>>
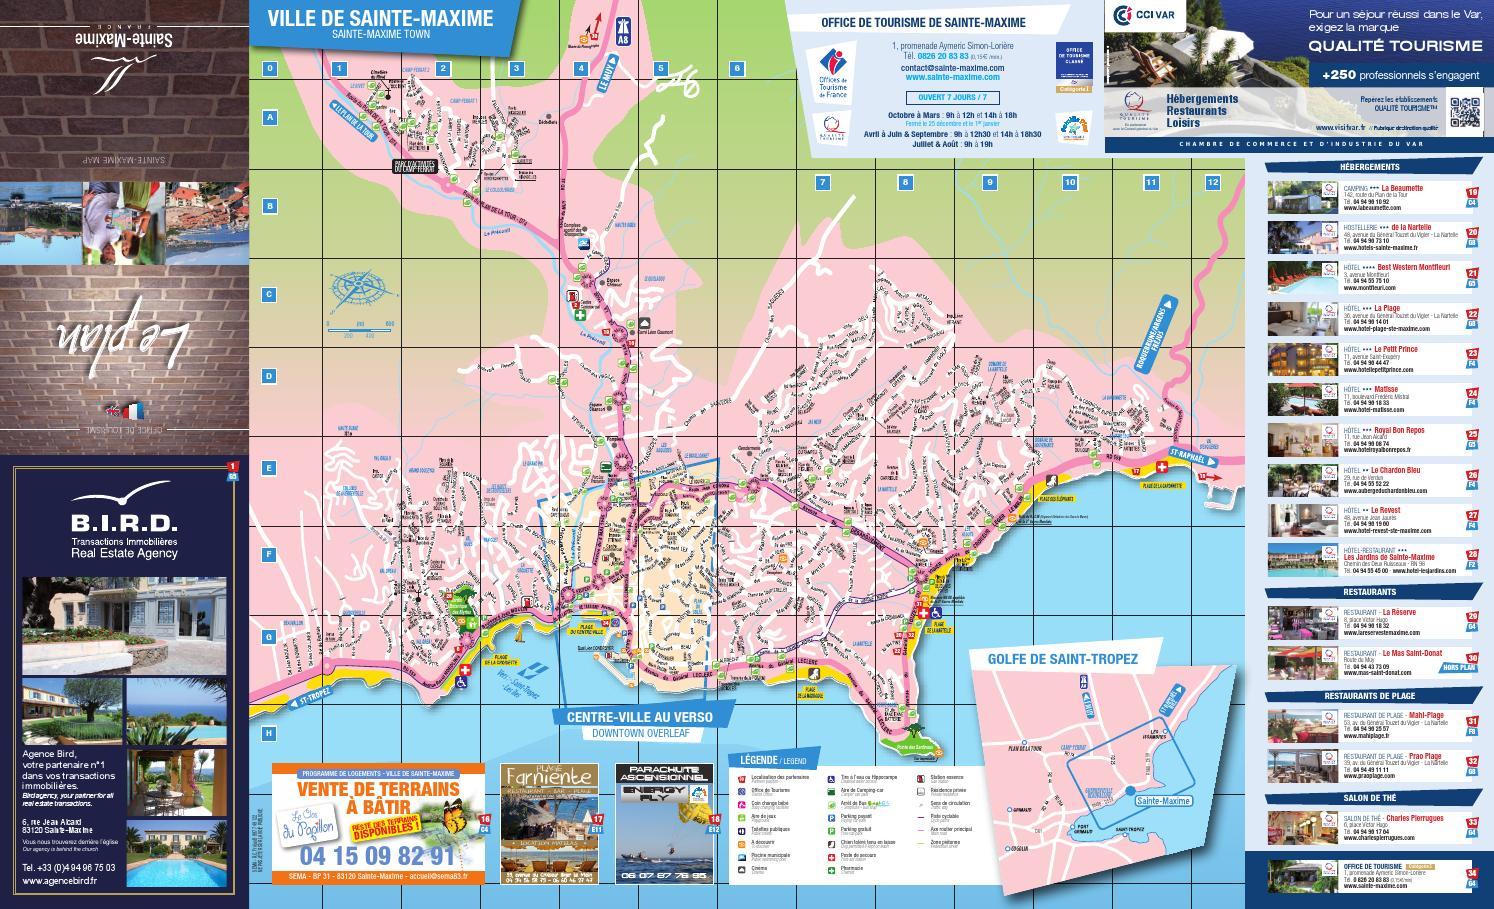 Plan de ville 2015 by office de tourisme de sainte maxime issuu - Office tourisme sainte maxime ...
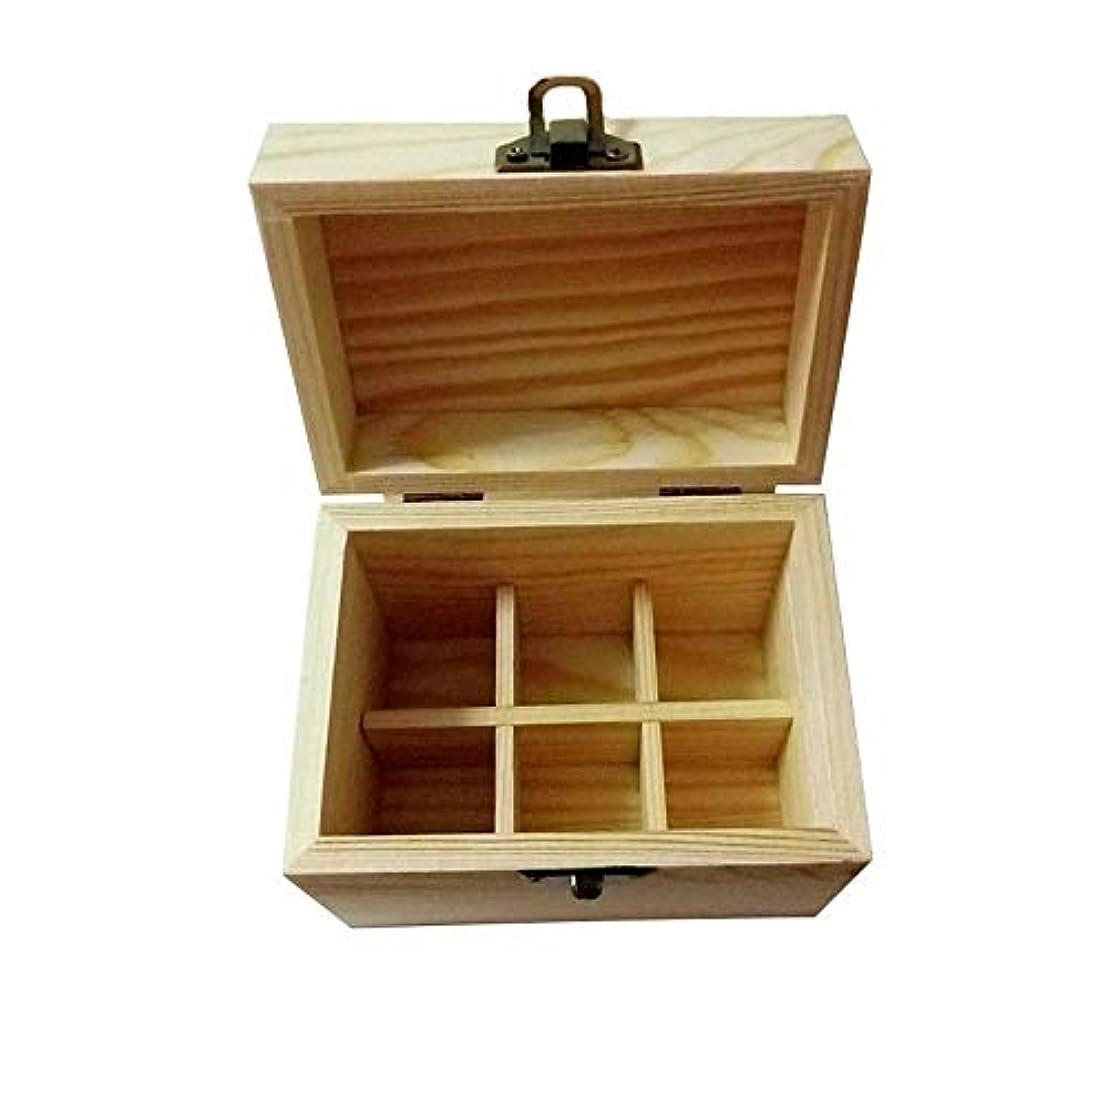 コンパイル開示するレーザエッセンシャルオイルの保管 エッセンシャルオイルストレージボックスケース木製??の主催者は6本のキャリングセーフボトルやホームストレージの表示を保持します (色 : Natural, サイズ : 11.5X8X9.5CM)
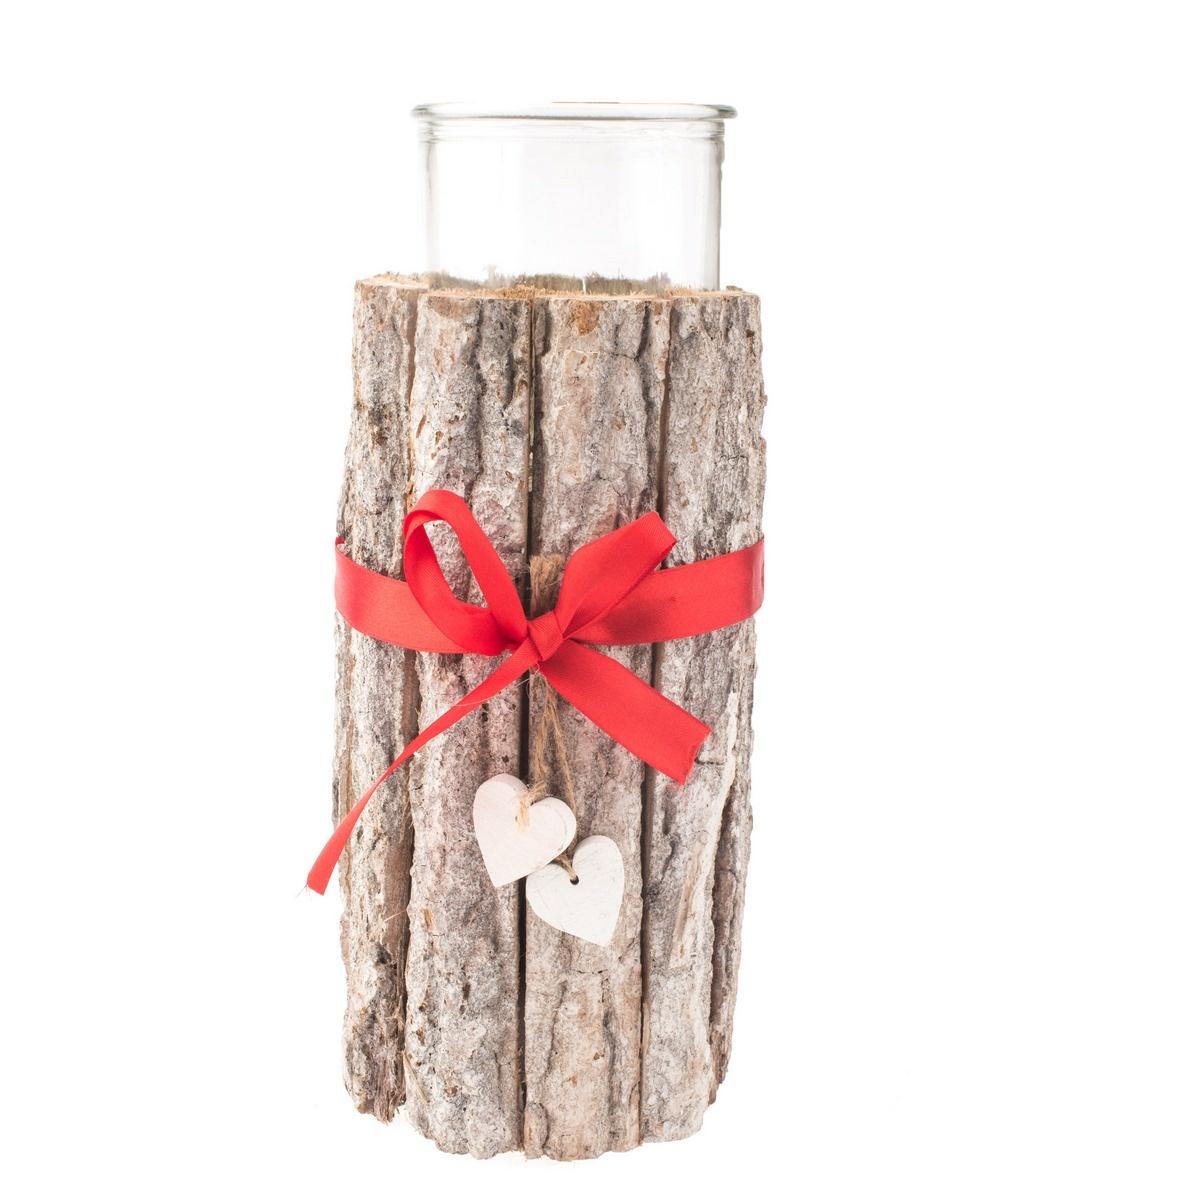 Vánoční dřevěný svícen se sklem, 12 x 25 cm
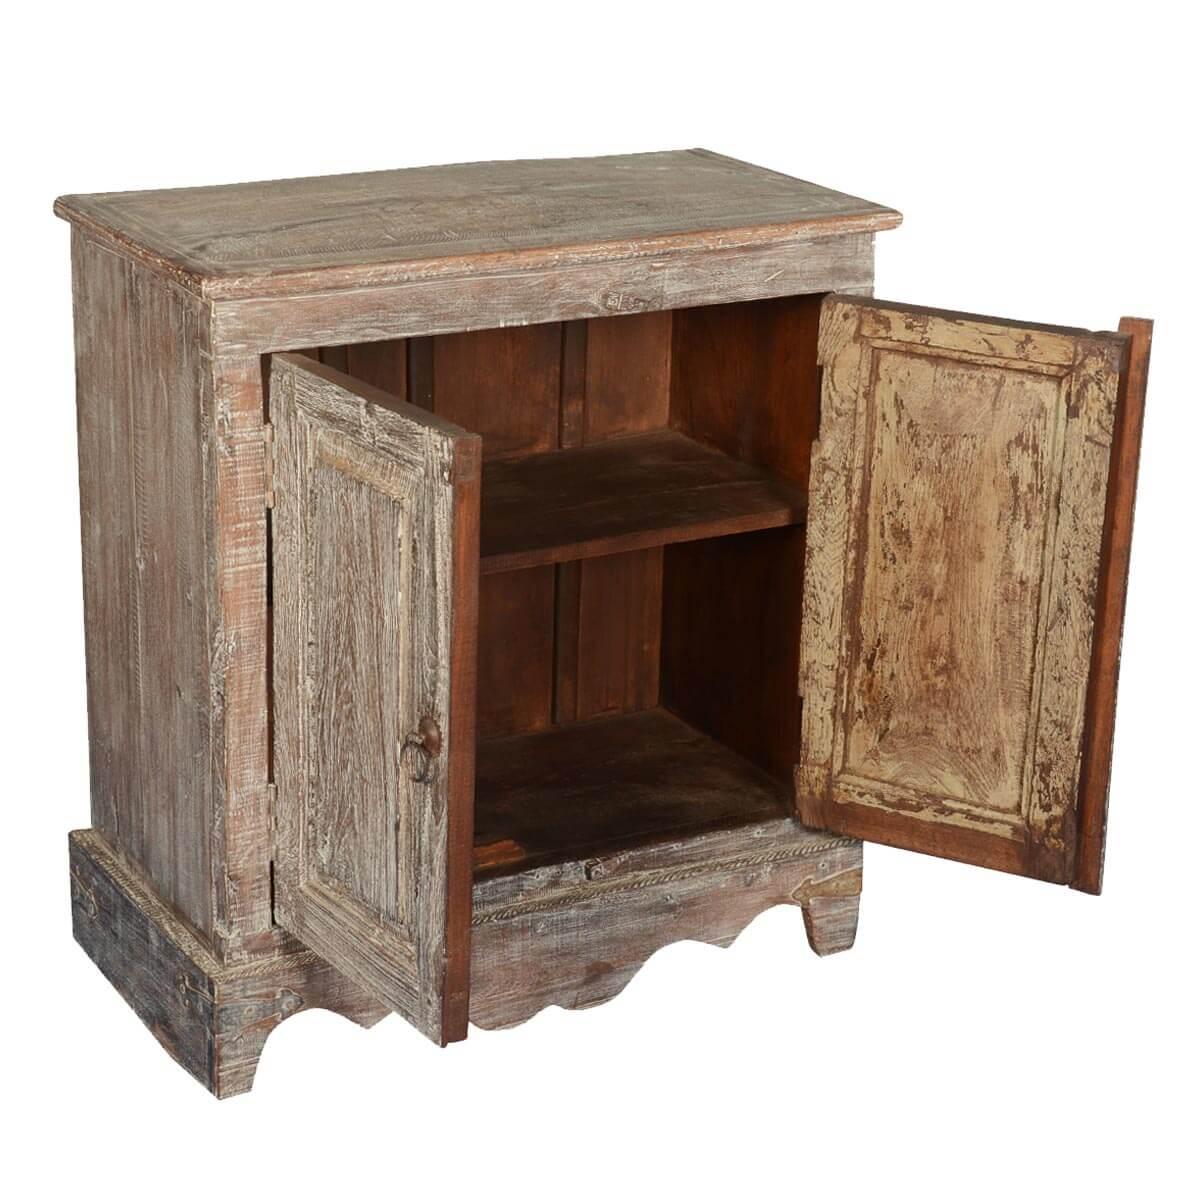 Pennsylvania Dutch Rustic Reclaimed Wood 2 Door Cabinet
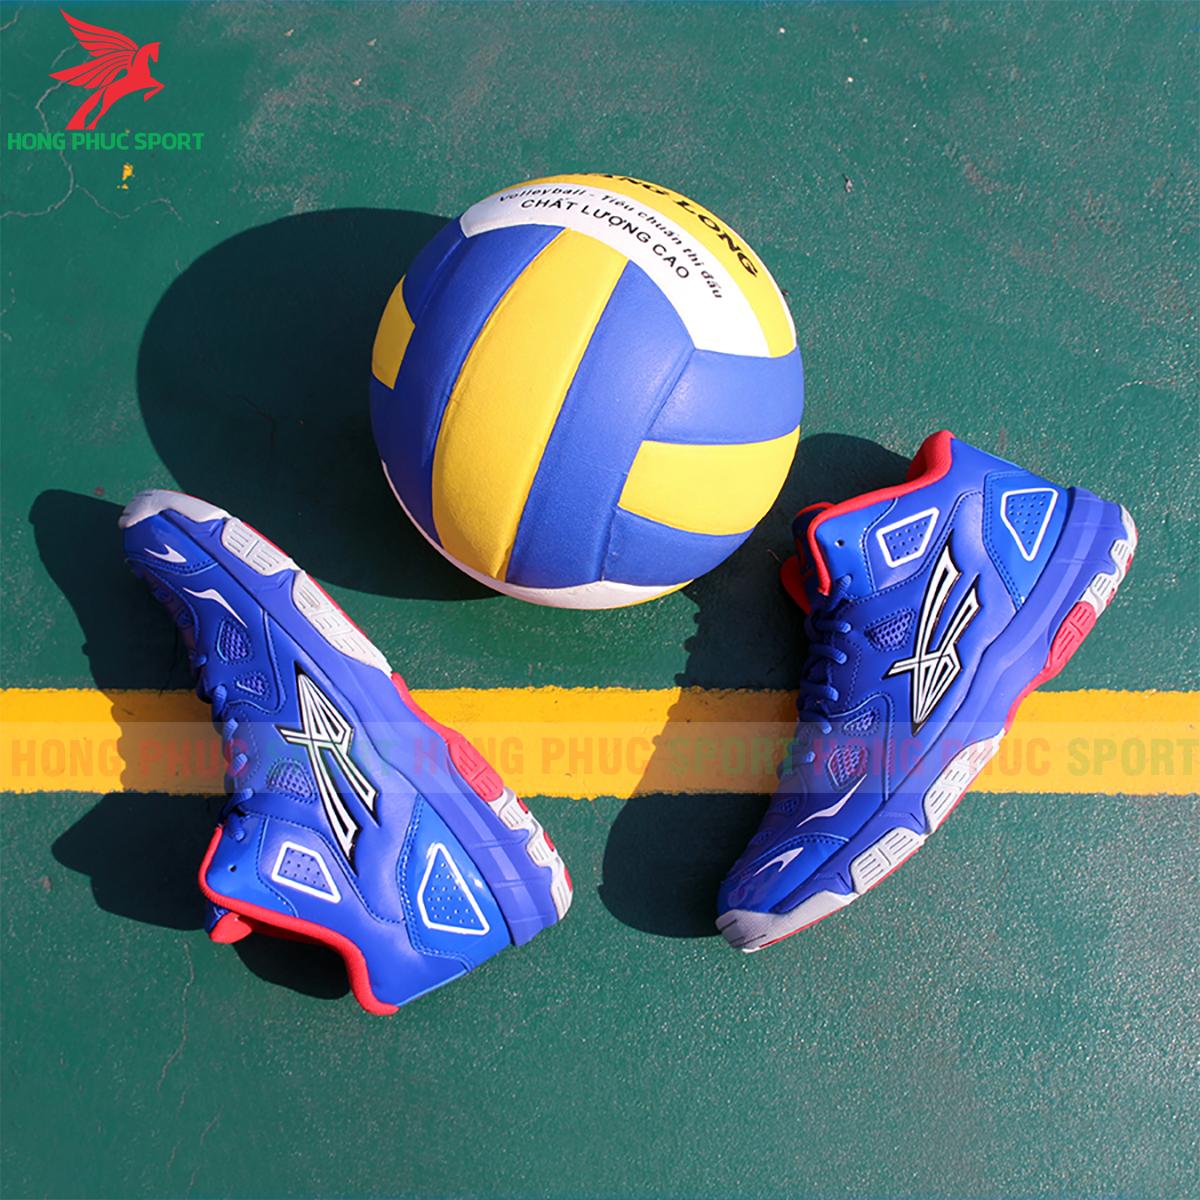 Giày bóng chuyền Beyono Golden Star C màu xanh dương (1)
<<
## Instructions to follow
Write out exactly the lines that run from the one containing "サイズ : 11.5X8X9.5CM)" to the last line of the entries above, both ends kept, pictures left out.

## Exercise answer
 コンパイル開示するレーザエッセンシャルオイルの保管 エッセンシャルオイルストレージボックスケース木製??の主催者は6本のキャリングセーフボトルやホームストレージの表示を保持します (色 : Natural, サイズ : 11.5X8X9.5CM)
 Vánoční dřevěný svícen se sklem, 12 x 25 cm
 Pennsylvania Dutch Rustic Reclaimed Wood 2 Door Cabinet
 Giày bóng chuyền Beyono Golden Star C màu xanh dương (1)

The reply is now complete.